For anyone struggling with sexual trauma, allow yourself to feel the way you feel. Don’t get tamped down or hushed up by the world. Be full of rage, if you are full of rage. Allow yourself time to stop the world if you need to. Know you are loved in the full complexity of who you are and that you are not alone.
The best thing I discovered in college was that I had access to free counseling. (This is true of grad school, too.) What a gift. Talking to someone else about how you’re feeling is healing.
When all your characters have secrets, how do you get to know them? Did you have their failures and alibis mapped out before you began writing, or did you figure out their roles as you went?
Ah, people’s secrets are the best way to get to know them! That’s actually how I dove into each of my characters—I went right for the jugular.

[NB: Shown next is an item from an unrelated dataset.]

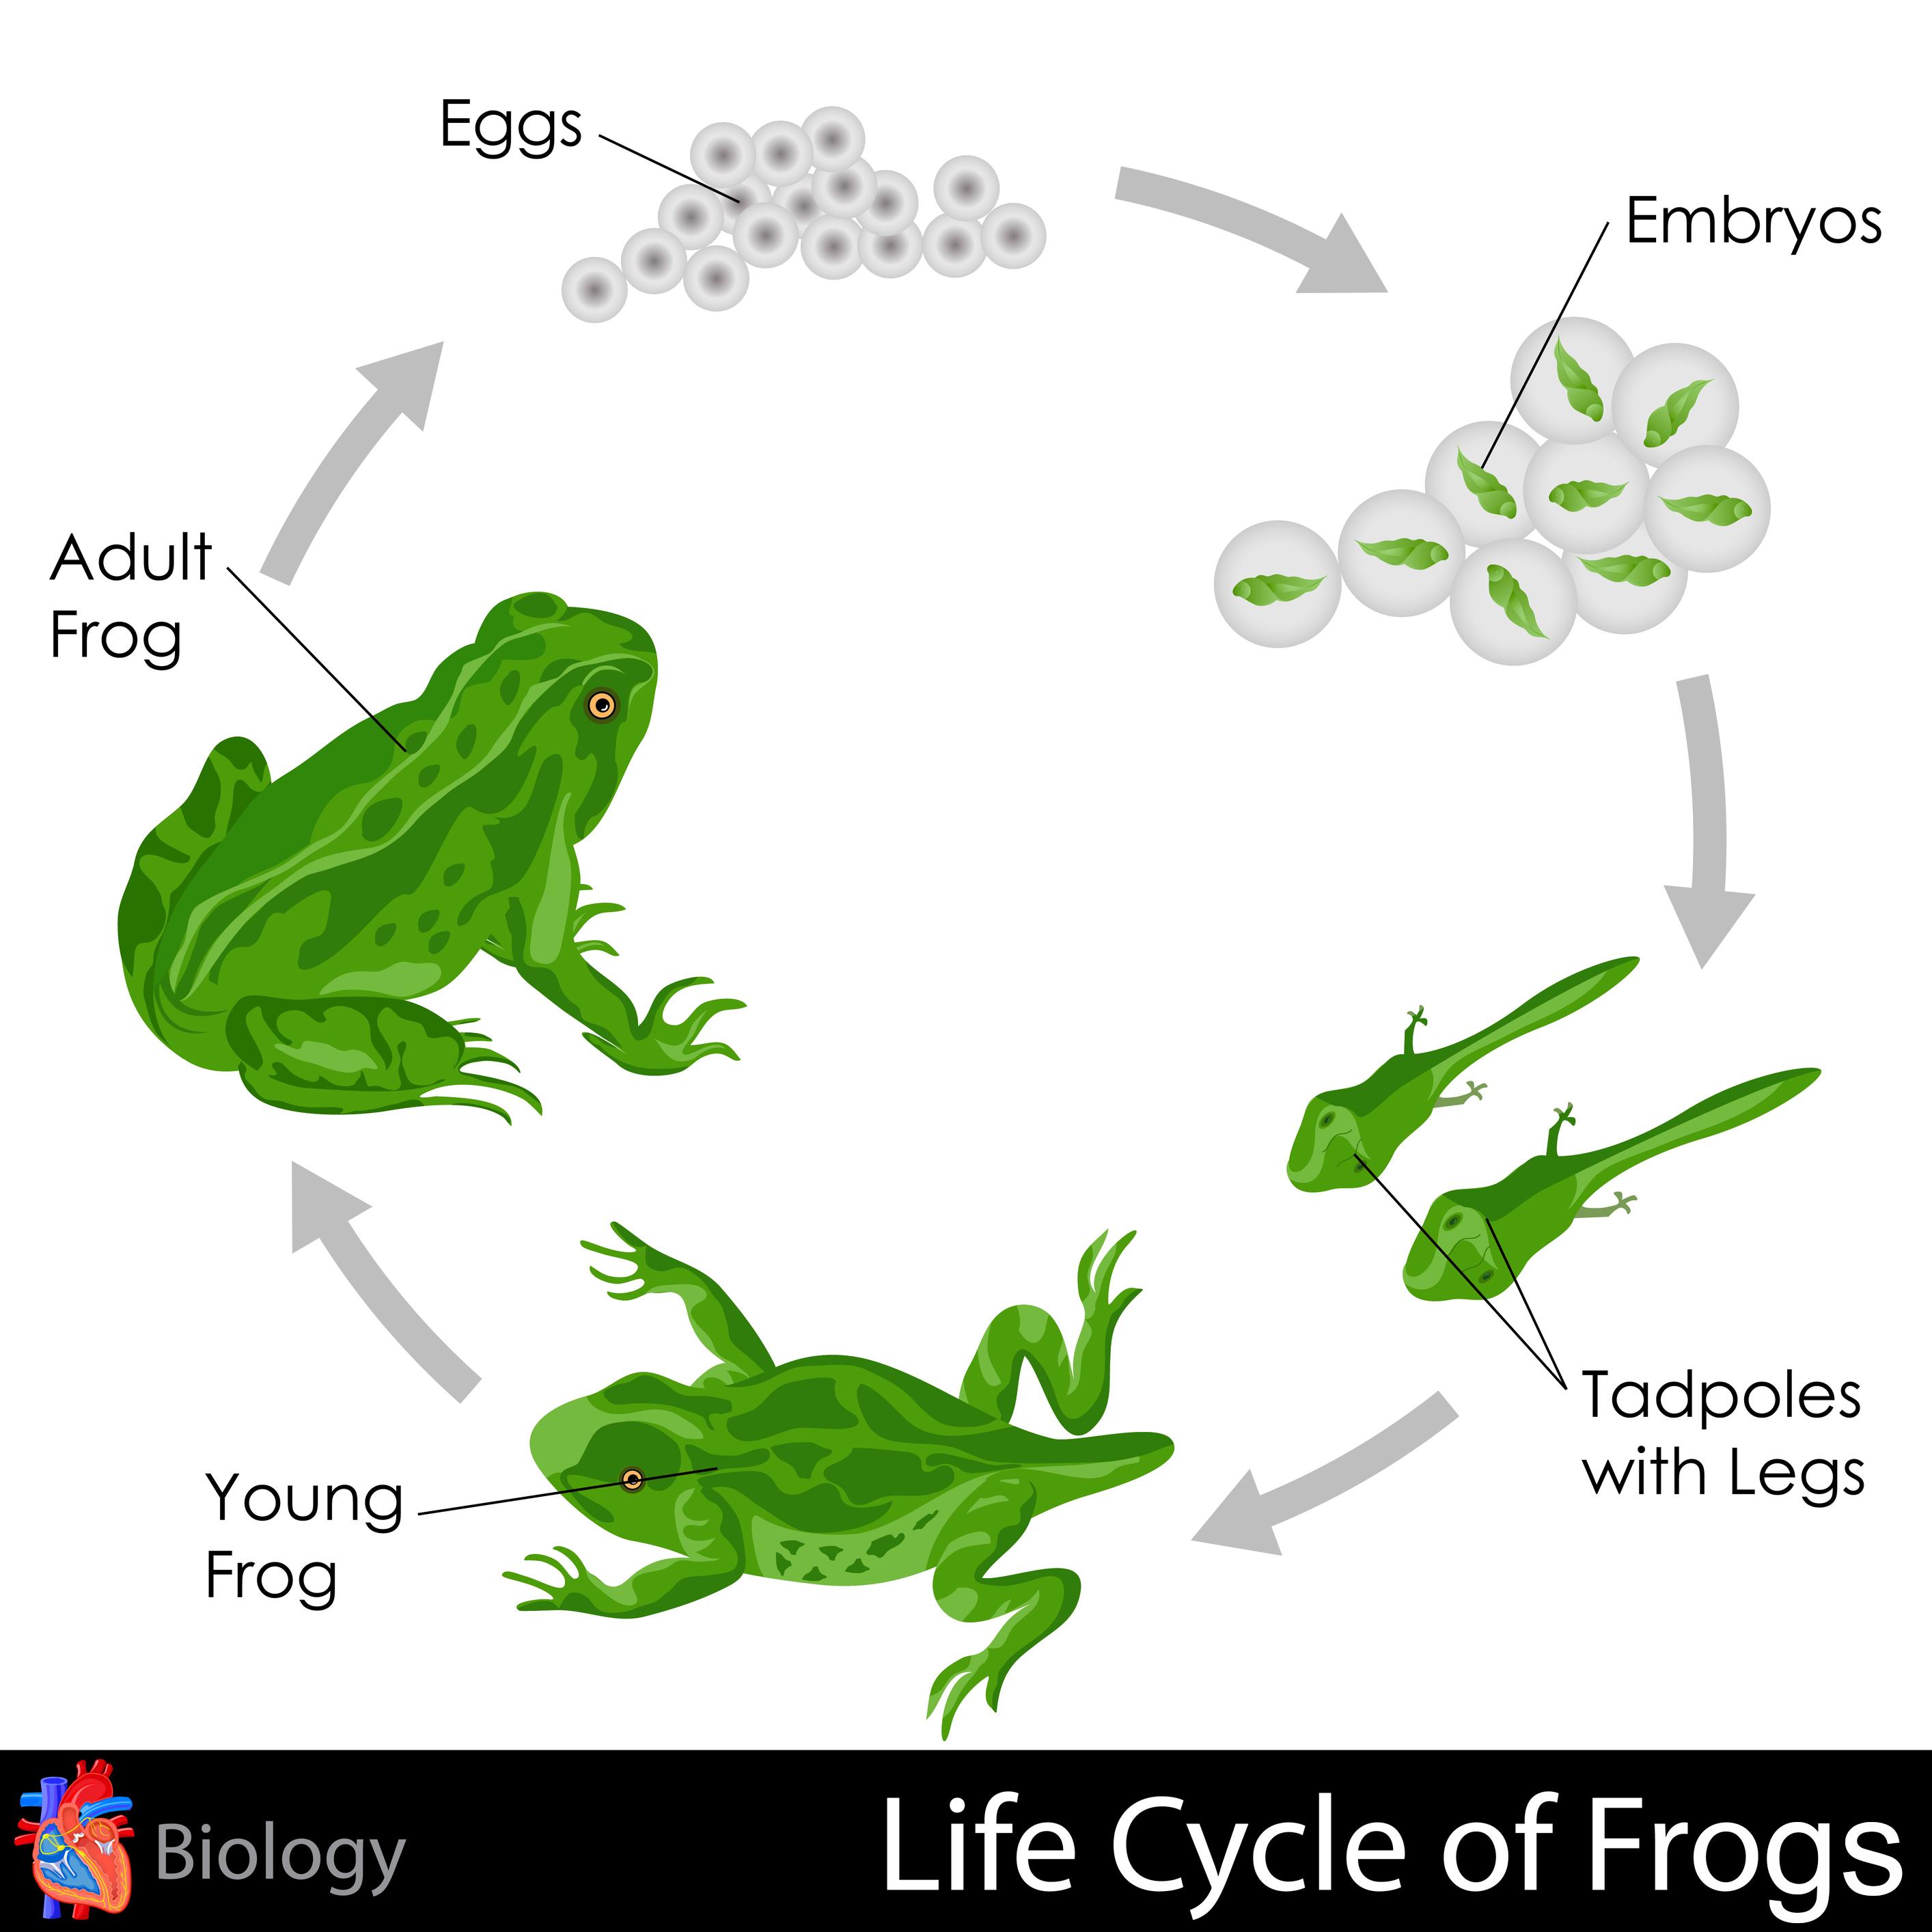 Worksheet Life Cycle Of A Frog Worksheet Grass Fedjp

I do a ton of character and relationship mapping before writing any book, and especially for this one. I wrote pages about who each character was—not just the surface stuff but, more importantly, how they saw themselves, what they wanted in their heart of hearts, what stood in the way of getting what they wanted, and what, if taken from them, would make their lives crumble. Then I mapped their relationships with each other (Jessica and Mint; Mint and Caro; Frankie and Coop; etc.) and particularly with Heather. I was looking to understand how Heather could threaten each of them in ways that would make them plausible suspects, so she had to be connected to what they most wanted and were most afraid to lose.